Adults Thalassemia Unit, 2nd Department of Internal Medicine, Hippokration Hospital, Thessaloniki, Greece.
Hematology Department - BMT Unit, Thessaloniki, Greece.
Blood Rev. 2021 Jul;48:100805. doi: 10.1016/j.blre.2021.100805. Epub 2021 Jan 21.

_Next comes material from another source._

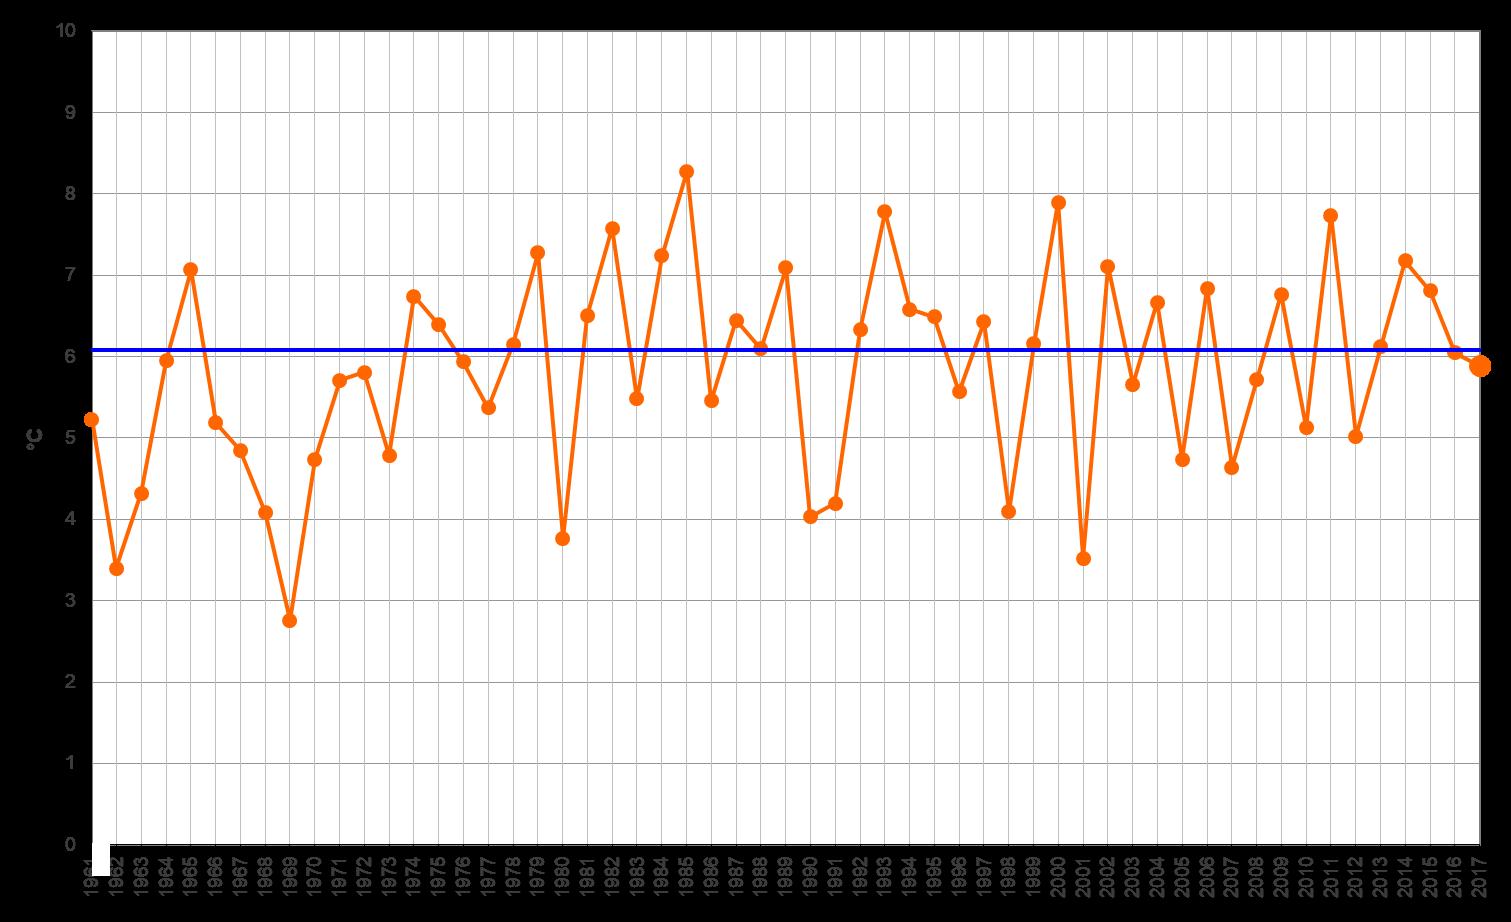 Meteo ASSAM Marche - temperatura mensile dicembre
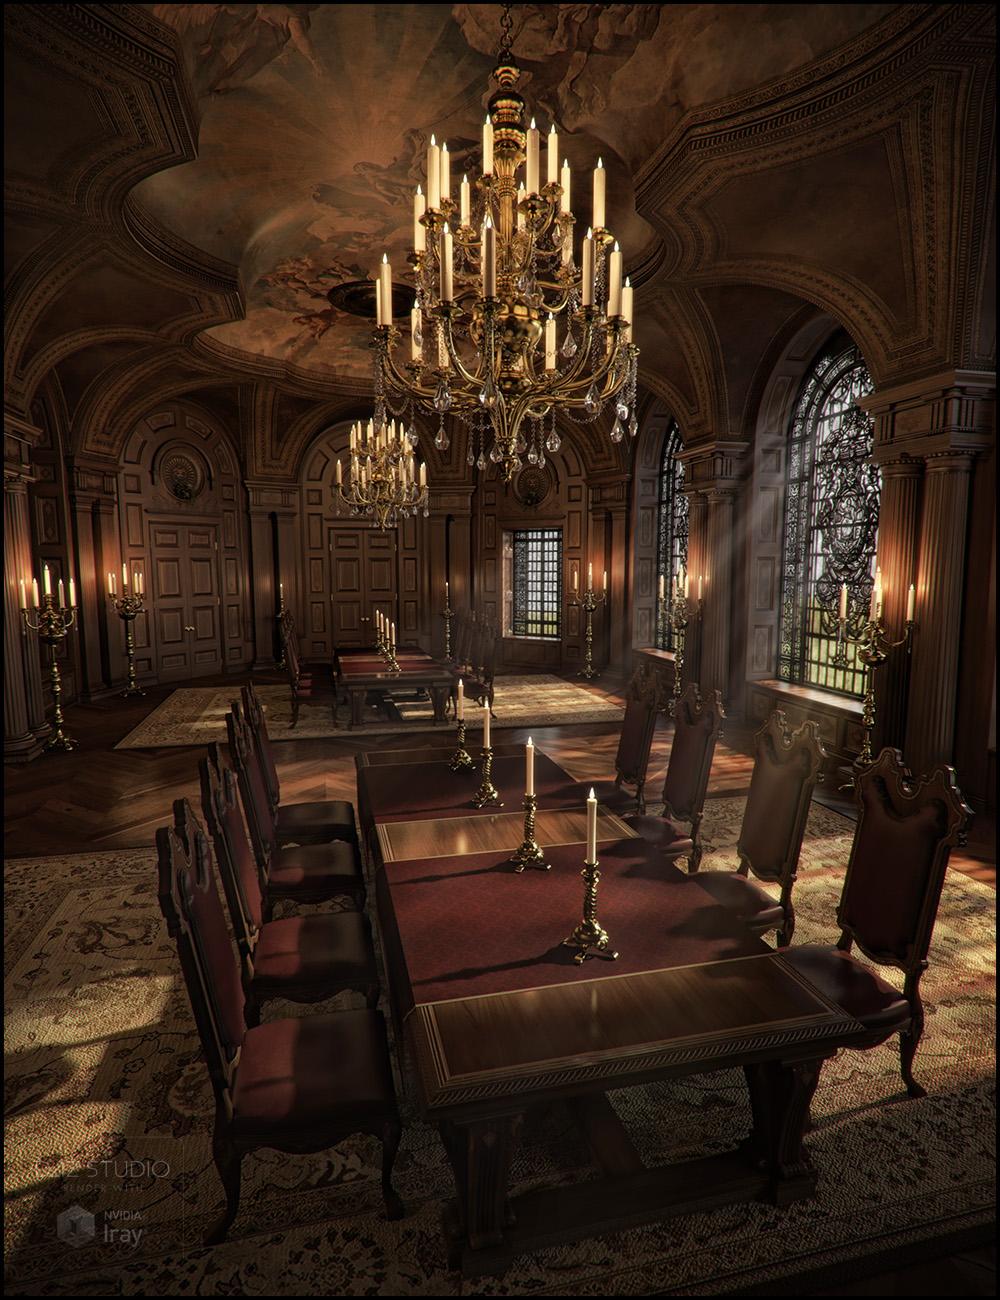 Baroque Grandeur Iray Addon by: Jack Tomalin, 3D Models by Daz 3D

Sickle cell disease (SCD) is a common inherited clinical syndrome, characterized by the presence of hemoglobin S. Anemia, susceptibility to infections and episodes of vaso-occlusive crisis (VOC) are among its features. Since SCD complications (VOC or delayed hemolytic transfusion reaction/DHTR) lead to significant morbidity and mortality, a number of studies have addressed their pathophysiology Although SCD pathophysiology has been mainly attributed to the interaction between sickle cells and neutrophils, platelets or endothelial cells in small vessels leading to hemolysis, the role of complement activation has been increasingly investigated. Importantly, complement inhibition with eculizumab has shown beneficial effects in DHTR. Given the unmet clinical need of novel therapeutics in SCD, our review summarizes current understanding of (a) complement system for the clinician, (b) complement activation in SCD both in asymptomatic state and severe clinical manifestations, (c) probable underlying mechanisms of complement activation in SCD, and (d) new therapeutic perspective of complement inhibition.
镰状细胞病(SCD)是一种常见的遗传性临床综合征,其特征是存在血红蛋白 S。贫血、易感染和血管阻塞危象(VOC)发作是其特征之一。由于 SCD 并发症(VOC 或延迟溶血性输血反应/DHTR)导致发病率和死亡率显著增加,因此许多研究都探讨了其病理生理学。尽管 SCD 病理生理学主要归因于镰状细胞与小血管中的中性粒细胞、血小板或内皮细胞相互作用导致溶血,但补体激活的作用已越来越受到关注。重要的是,用依库珠单抗抑制补体在 DHTR 中显示出有益的效果。鉴于 SCD 中新型治疗方法存在未满足的临床需求,我们的综述总结了(a)补体系统对临床医生的意义,(b)无症状状态和严重临床表现下 SCD 中的补体激活,(c)SCD 中补体激活的可能潜在机制,以及(d)补体抑制的新治疗前景。